Just don't buy their filament, seriously. Worst $200 I ever spent - never had such bad quality in so many rolls. 

Their printers have always been awesome, but they have not dropped their prices in forever..

I went to the CEbit expo in 2012, the Up mini was $900... today, it's still the same price   :Frown:  or maybe give or take $20.

----------


## iDig3Dprinting

> Their printers have always been awesome, but they have not dropped their prices in forever..

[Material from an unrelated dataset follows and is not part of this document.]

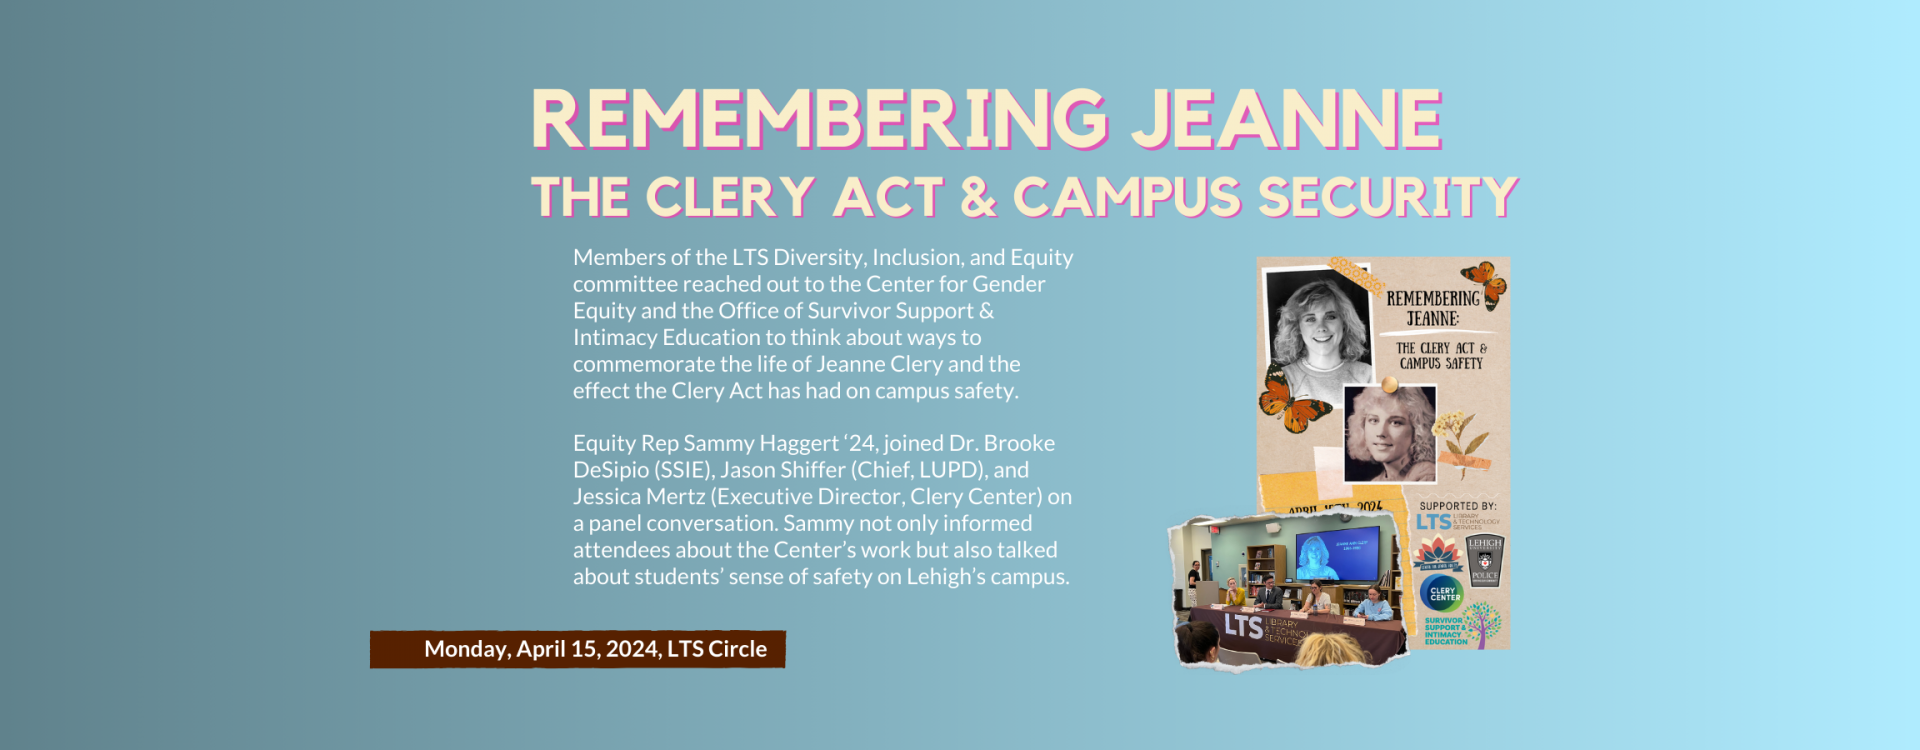 Members of the LTS Diversity, Inclusion, and Equity committee reached out to the Center for Gender Equity and the Office of Survivor Support & Intimacy Education to think about ways to commemorate the life of Jeanne Clery and the effect the Clery Act has had on campus safety.  Equity Rep Sammy Haggert ‘24, joined Dr. Brooke DeSipio (SSIE), Jason Shiffer (Chief, LUPD), and Jessica Mertz (Executive Director, Clery Center) on a panel conversation. Sammy not only informed attendees about the Center’s work but a

Thats not strictly true, we are currently able to offer the UP plus 2 with a massive discount of about 39%! Which we would not be able to do if they hadn't dropped their prices. We also expect the UP mini to drop in price once they release the new up mini 2 this year.

----------


## curious aardvark

does look like a lot of money for something with 140x140x140 build volume.
the up mini 2 even smaller: 120x120x120.

----------


## iDig3Dprinting

> does look like a lot of money for something with 140x140x140 build volume


the Up Plus 2 is not the cheapest 3D printer you can get but it has one of the best reputations and is still on 3D hubs best 3D printers list (as the afinia H480), number 6 in fact  even though it has been around for a very long time. The reason is it is very reliable.

You get what you pay for.

----------


## Geoff

> You get what you pay for.


And sometimes you pay way too much for what you get.

----------


## curious aardvark

yepper, particularly when you consider the rep dual clones are now shipping from within the uk for really stupid money: 
http://www.ebay.co.uk/itm/2016-Upgra...8AAOSwoBtW4SzZ

£275 ! 
Mental. That's cheaper than the wanhao I3.

Think that's abotu half what i paid a couple years ago. And these are probably the most reliable workhorse printers yet made.
One reason so many people have copied them.

----------


## car3less

I have an Up plus 2 and it printed for one year and a half without problems. Then the CPU broke and the price that Tiertime gave me for the CPU was $400. I searched on forums and found a cheaper, compatible CPU and I repaired it with only $80. 

Now, we use it in the office with Simplify 3D, but the prints are still good quality, because the machine is built very, very well. 
Even if the original firmware is missing.

----------